Required work — Pictures must not appear in the copy. Reproduce exactly, and only, the lines from the one with "10&quot; X 20&quot;" through the end of the data below.

Supplied information —

◇ ◇ ◇ ◇ ◇

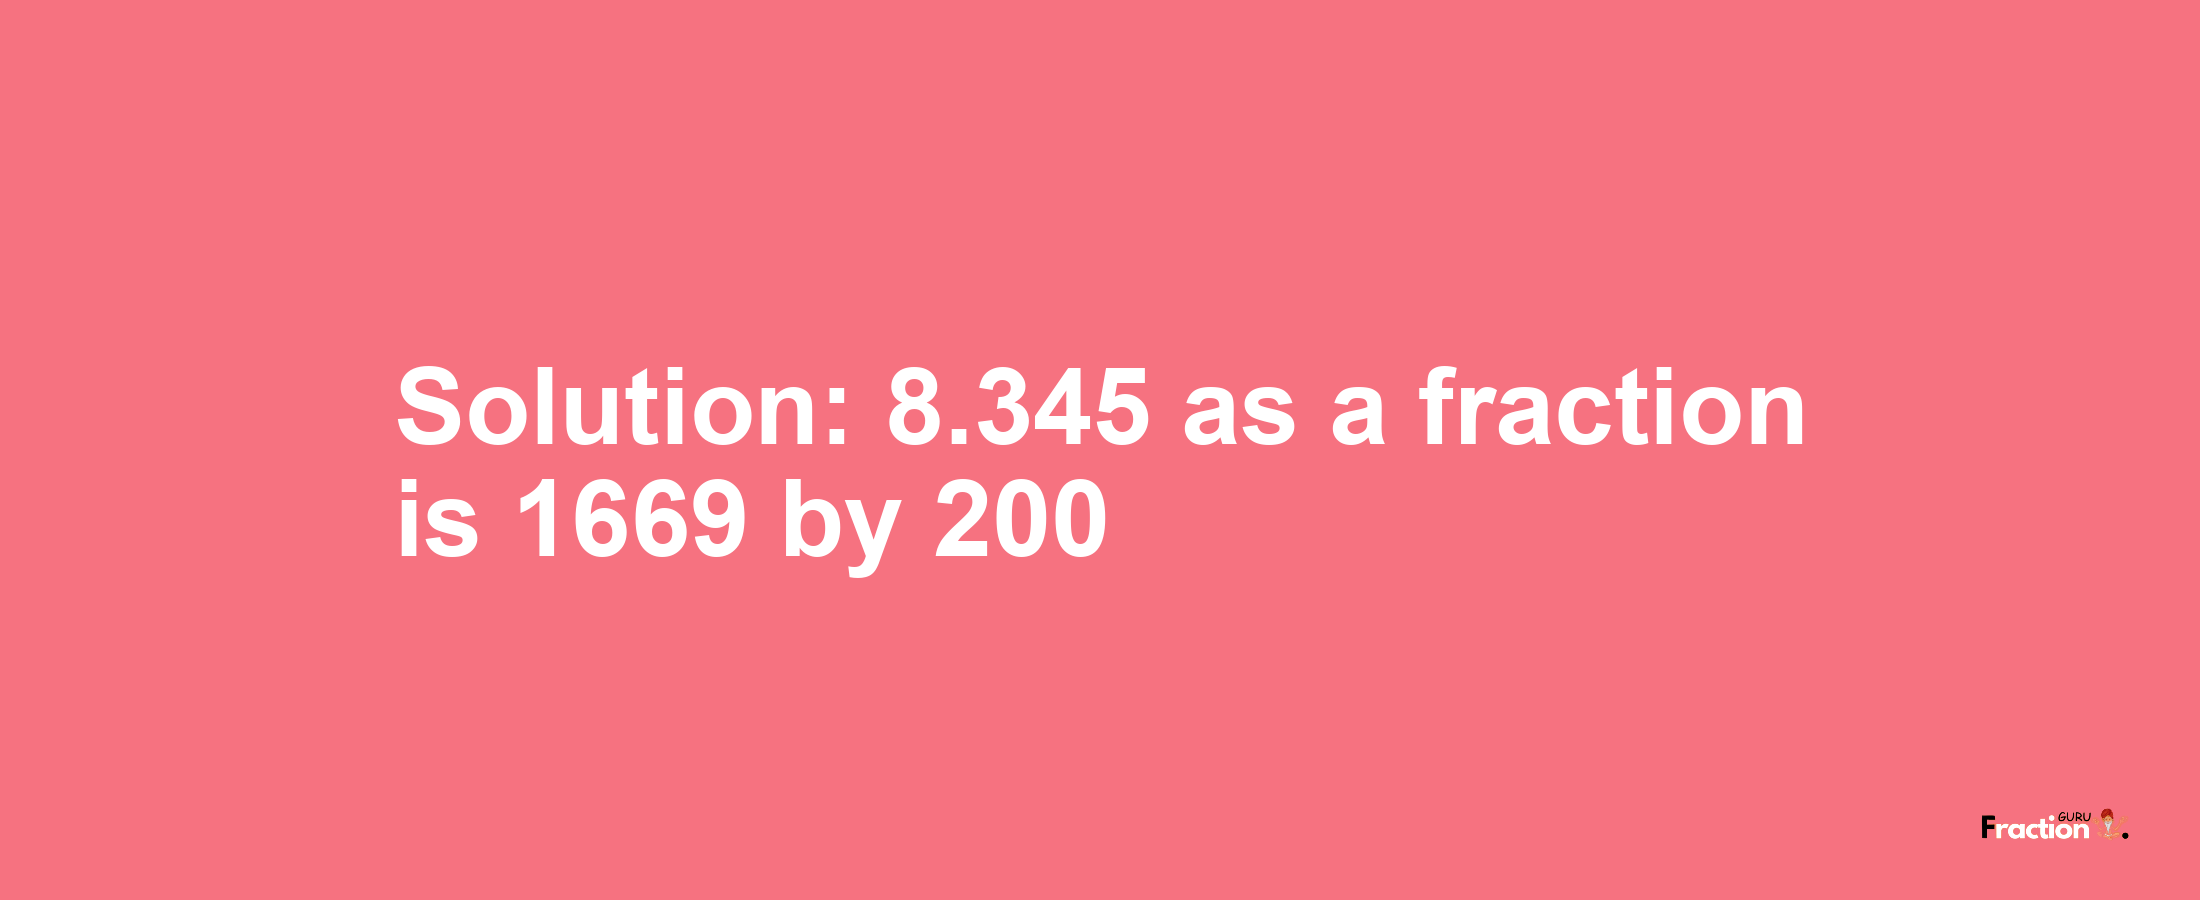 Solution:8.345 as a fraction is 1669/200
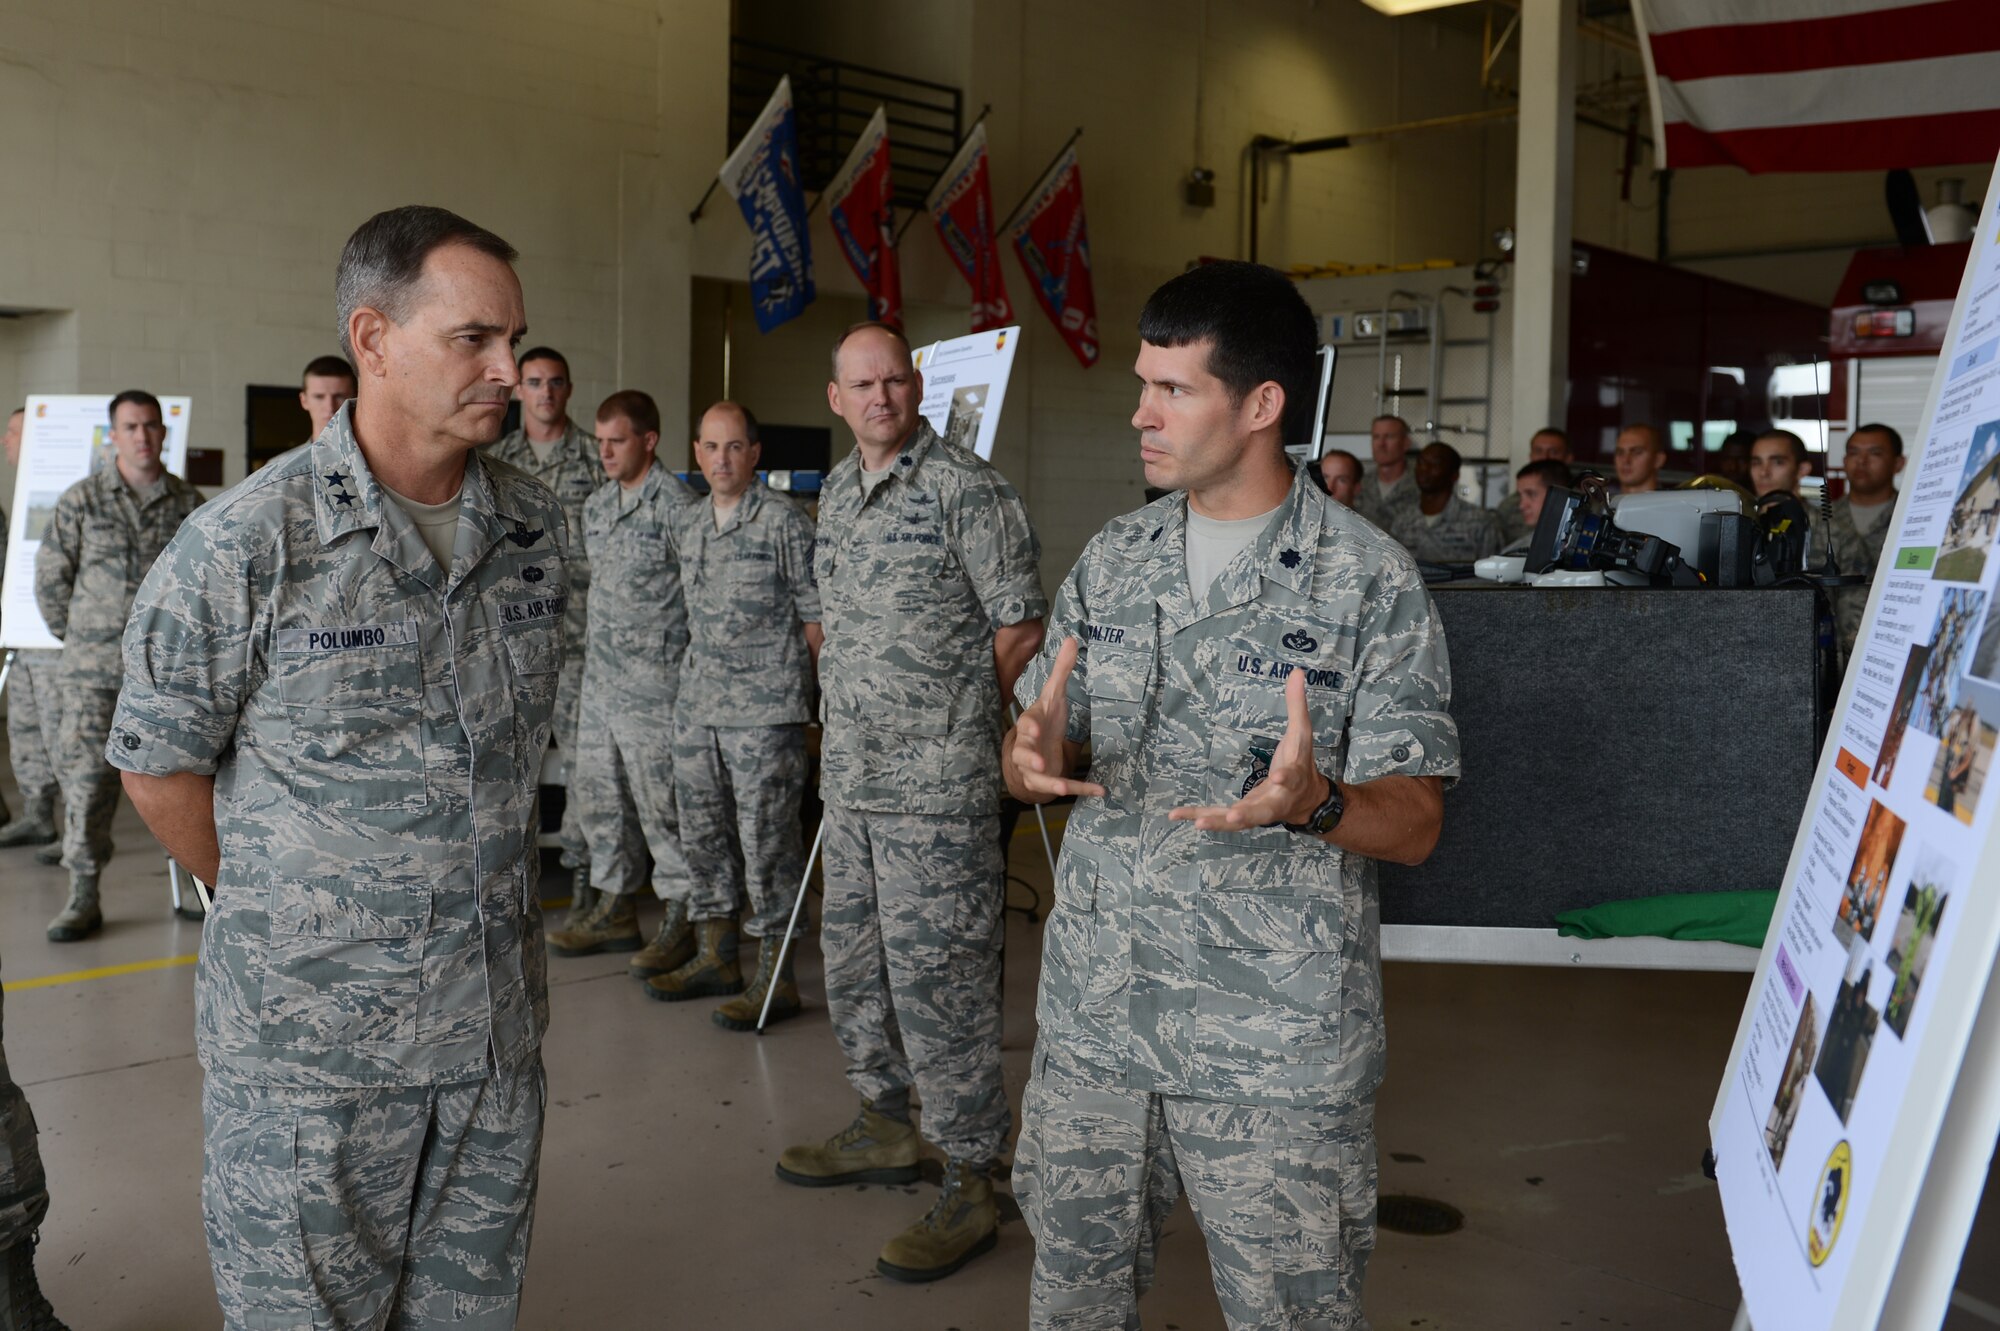 Lt. Col. Terrence Walter, 20th Civil Engineer Squadron commander, briefs Maj. Gen. Jake Polumbo, 9th Air Force commander, about his unit’s mission and capabilities at the fire department at Shaw Air Force Base, S.C., July 1, 2013. Polumbo toured the 20th Fighter Wing and visited multiple units that compose it. (U.S. Air Force photo by Airman 1st Class Krystal M. Jeffers/Released)
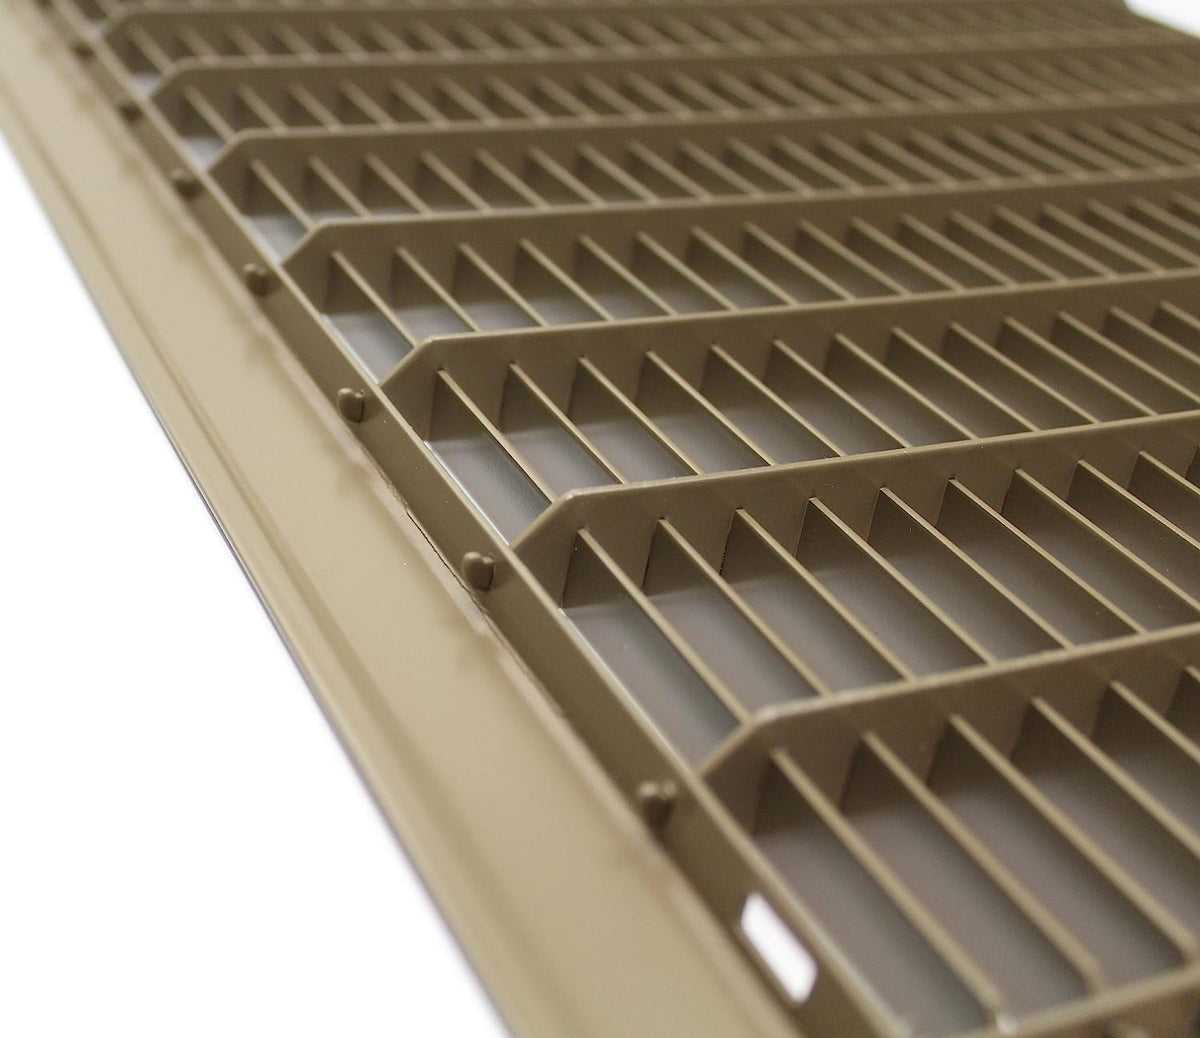 10&quot; X 20&quot; or 20&quot; X 10&quot; Heavy Duty Floor Grille - Fixed Blades Air Grille - Brown [Outer Dimensions: 11.75 X 21.75]
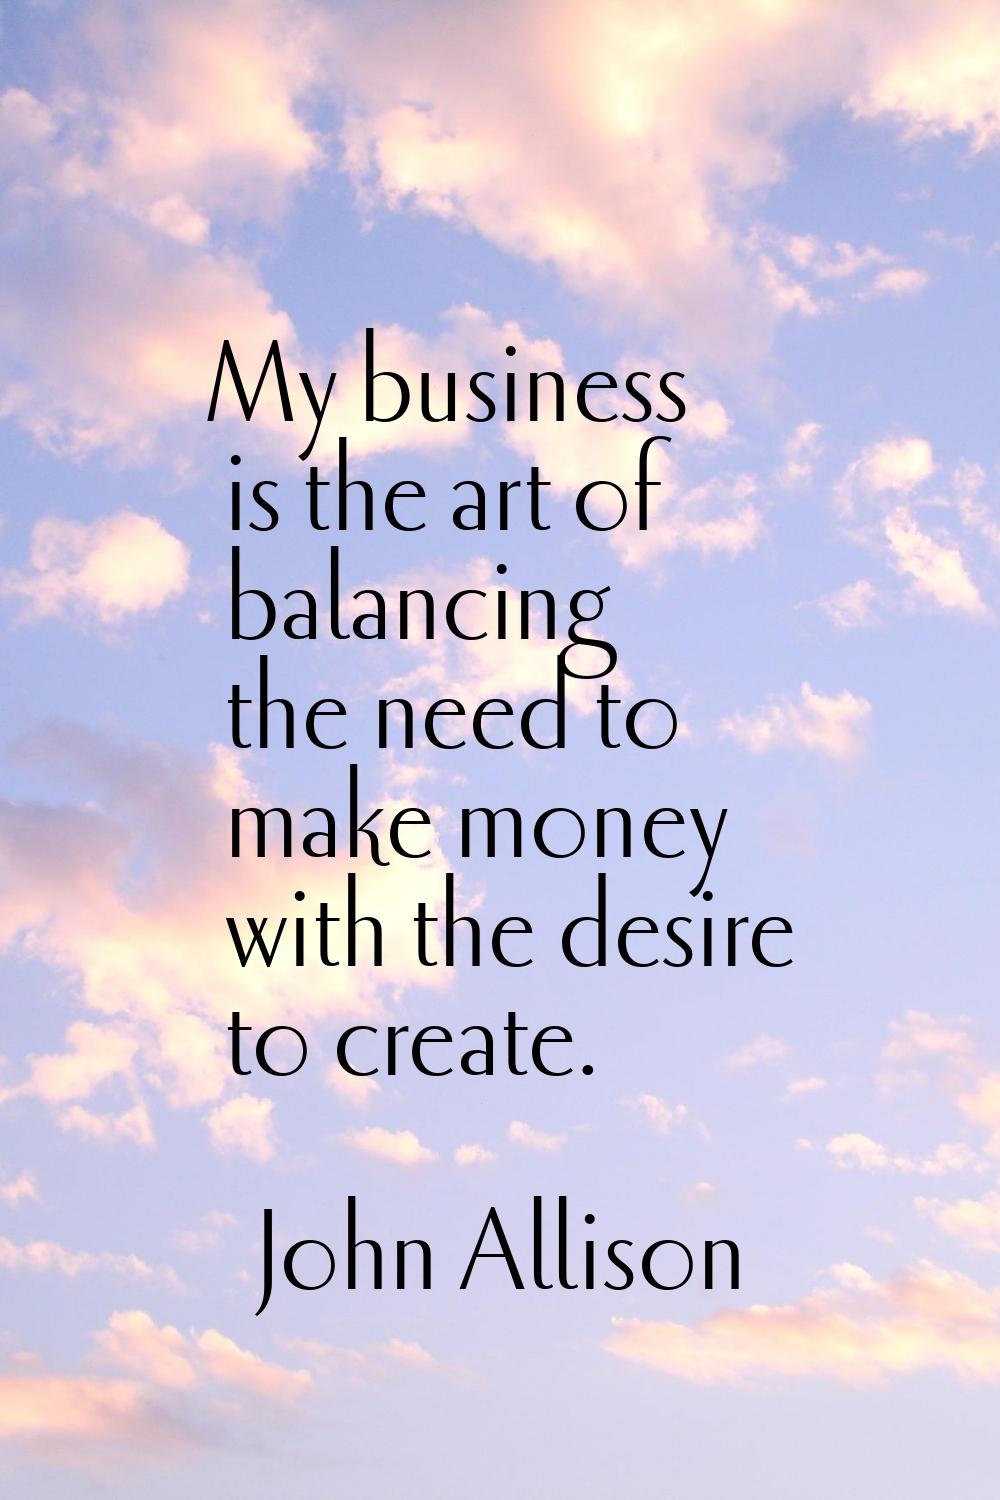 My business is the art of balancing the need to make money with the desire to create.

◇ ◇ ◇ ◇ ◇

Answer below —
 10&quot; X 20&quot; or 20&quot; X 10&quot; Heavy Duty Floor Grille - Fixed Blades Air Grille - Brown [Outer Dimensions: 11.75 X 21.75]
 My business is the art of balancing the need to make money with the desire to create.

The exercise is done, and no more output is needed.